*** Opening Dataset records ***

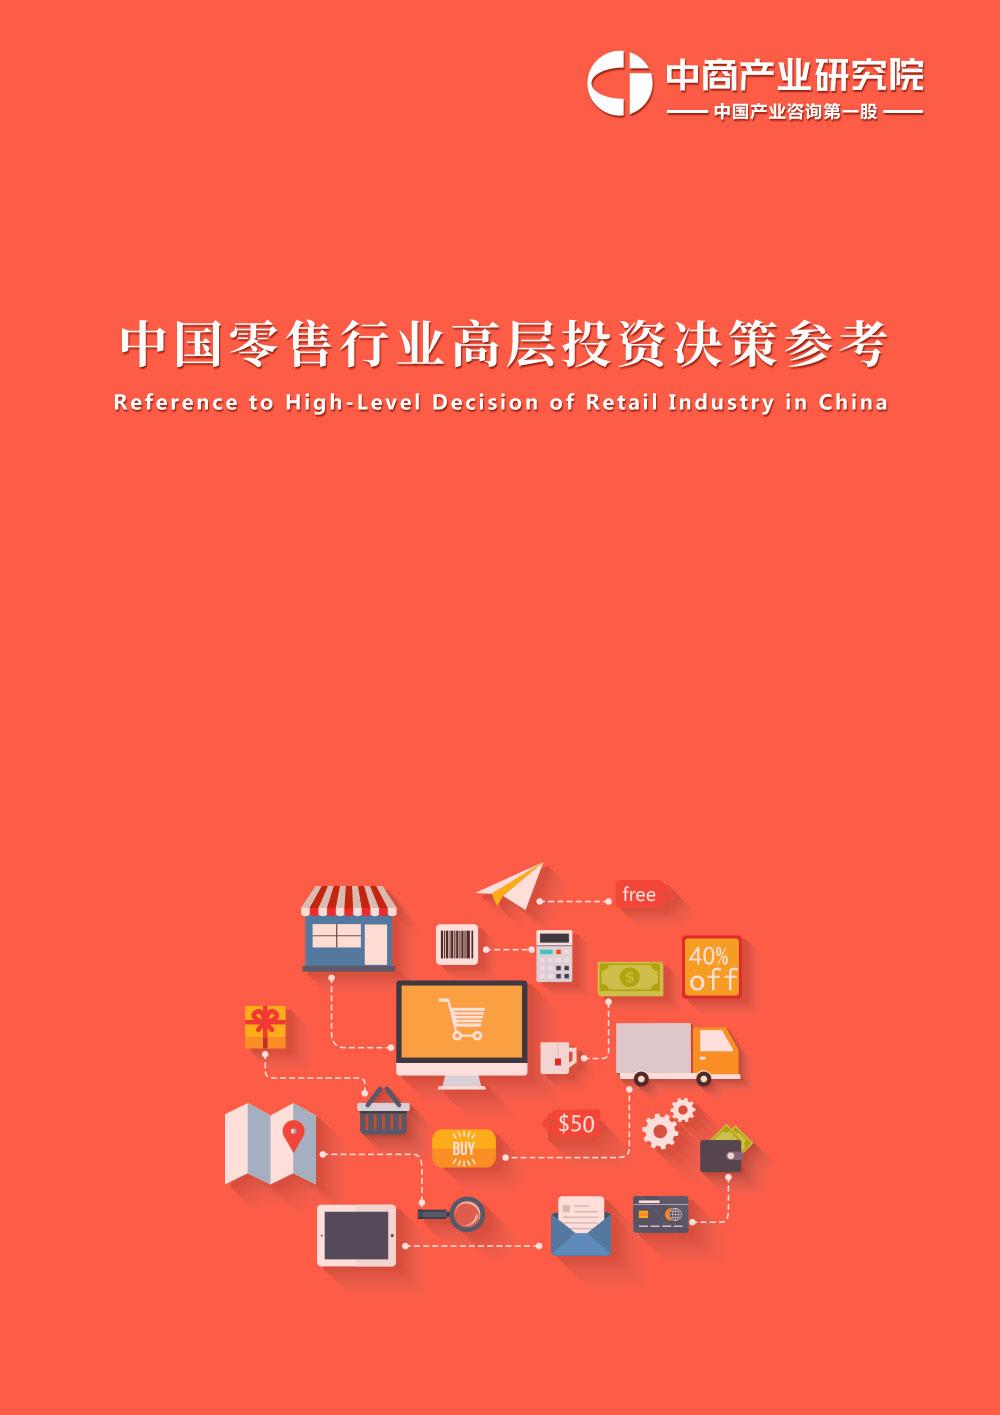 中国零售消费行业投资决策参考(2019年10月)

*** Closing Dataset records ***
*** Opening Dataset records ***

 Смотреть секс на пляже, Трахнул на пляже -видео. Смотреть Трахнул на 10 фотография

*** Closing Dataset records ***
*** Opening Dataset records ***

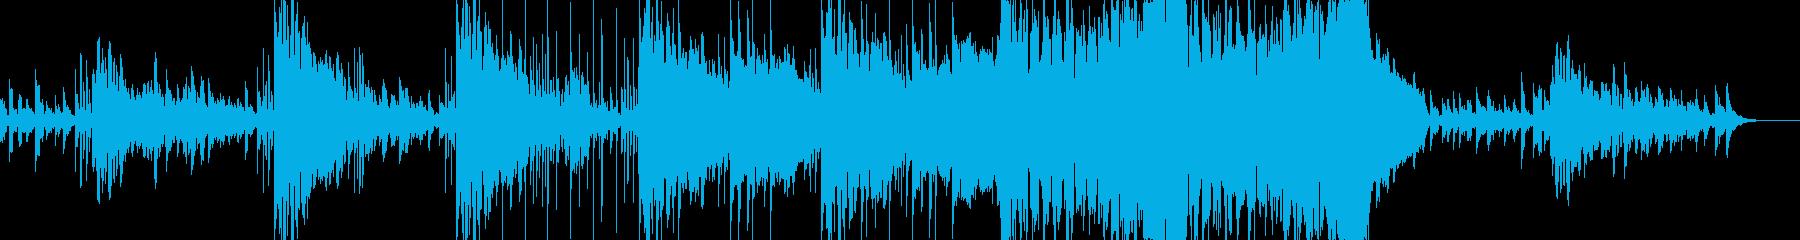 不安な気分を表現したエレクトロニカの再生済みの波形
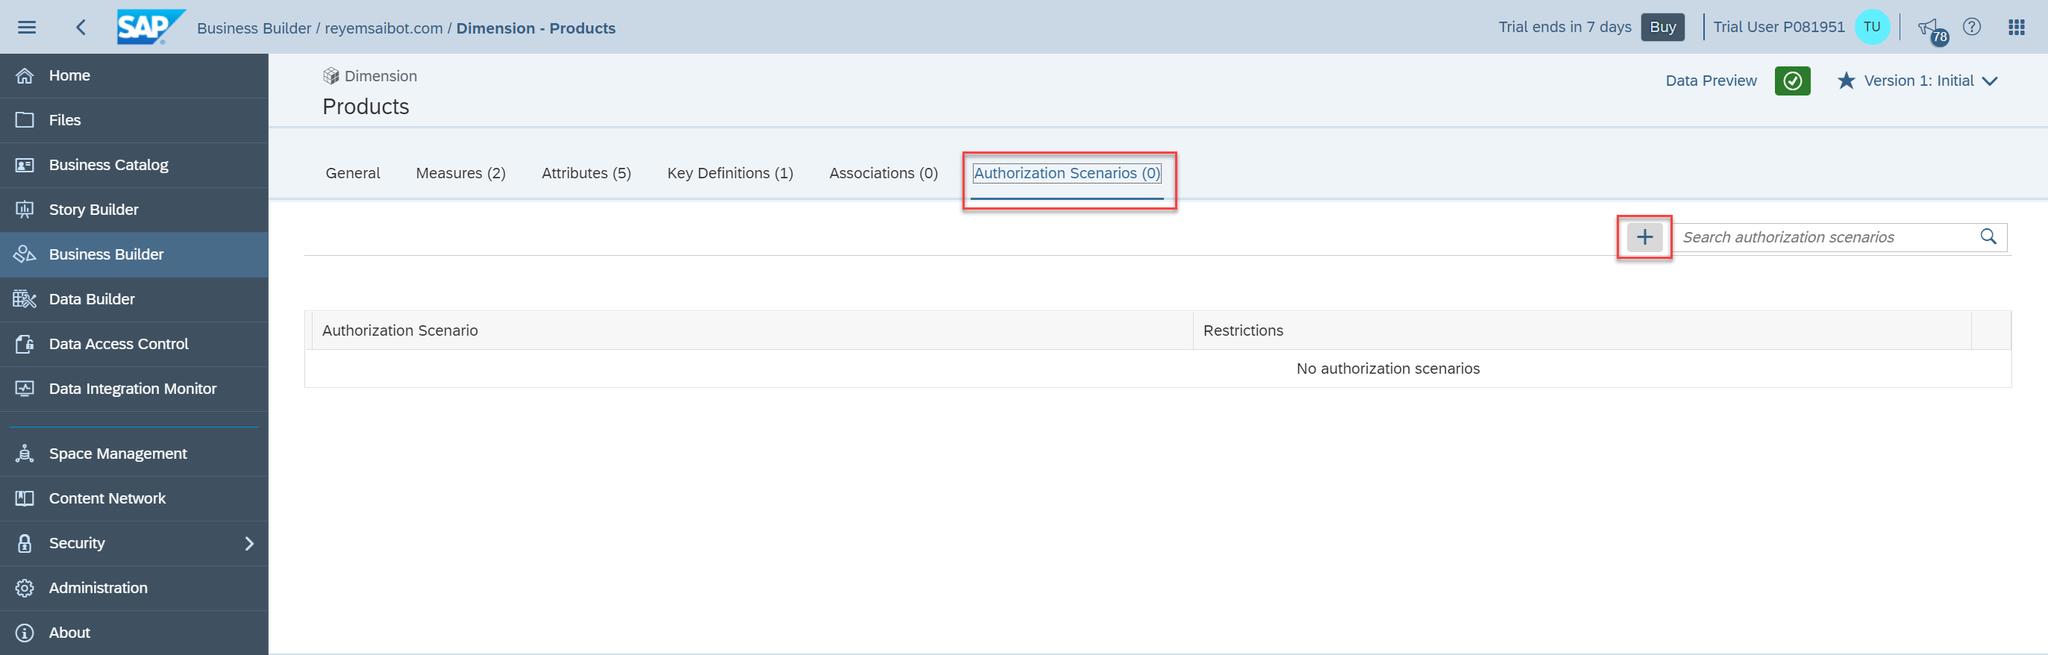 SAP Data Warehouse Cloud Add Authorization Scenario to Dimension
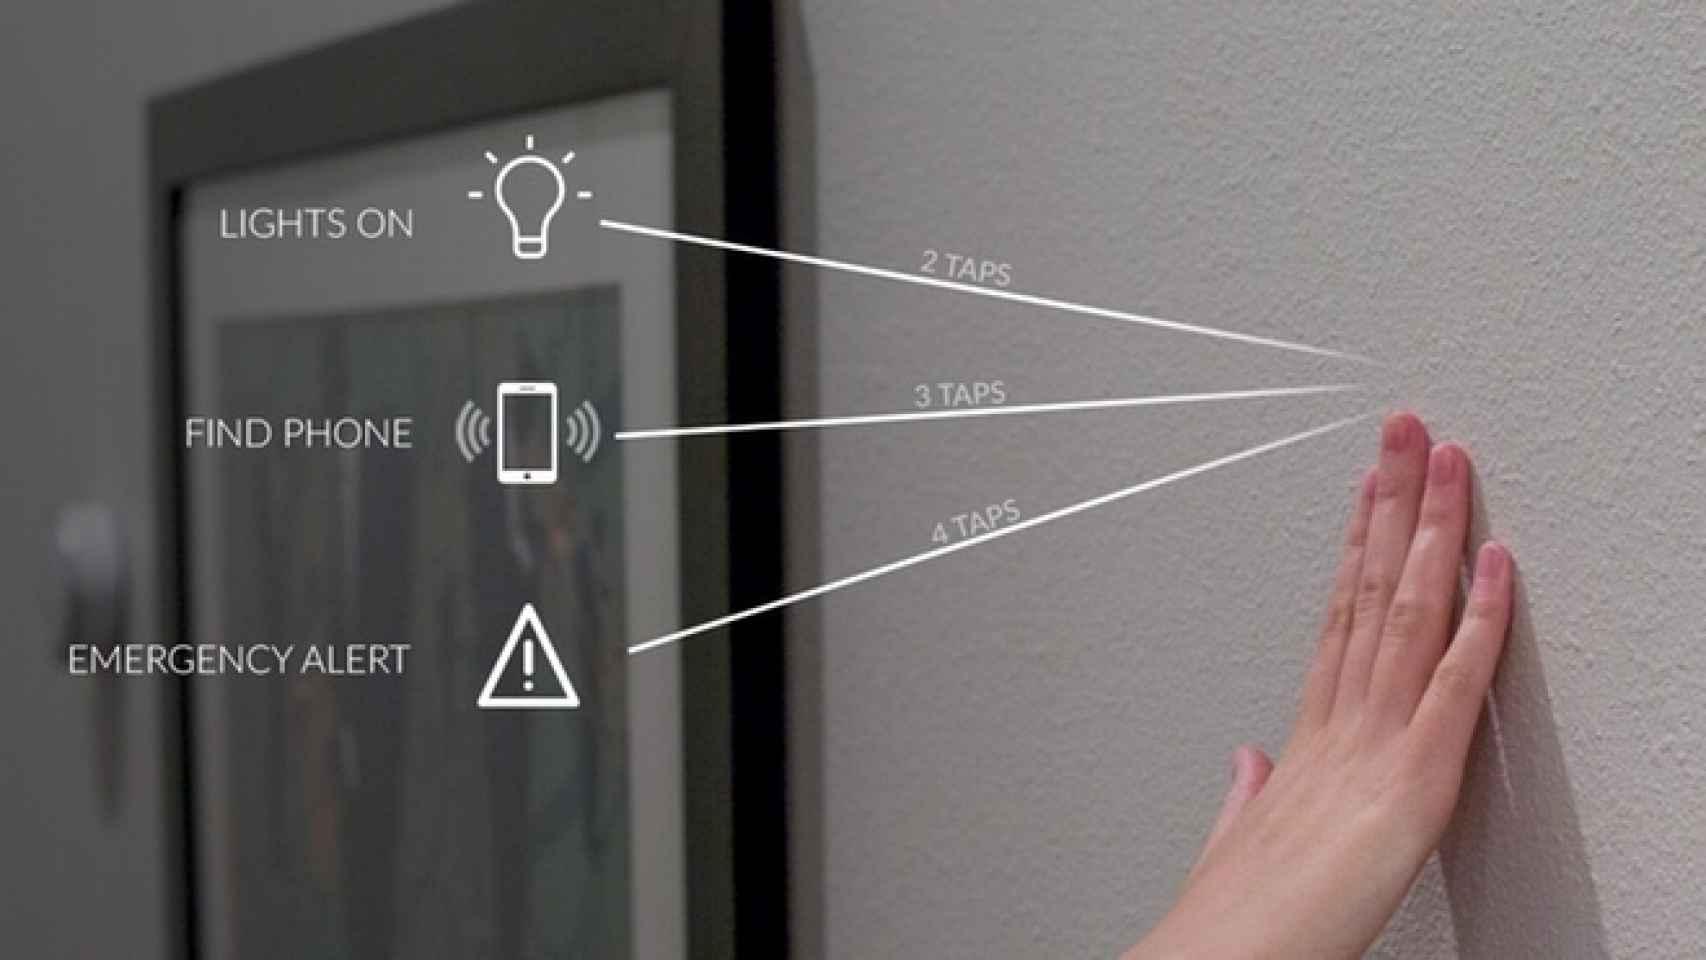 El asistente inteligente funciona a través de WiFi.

*** Closing Dataset records ***

Looking at the listing above, which lines run from the one containing "SAP Data Warehouse" through the one containing "El asistente inteligente"? Print exactly those, ends included, pictures excluded.

 SAP Data Warehouse Cloud Add Authorization Scenario to Dimension
 El asistente inteligente funciona a través de WiFi.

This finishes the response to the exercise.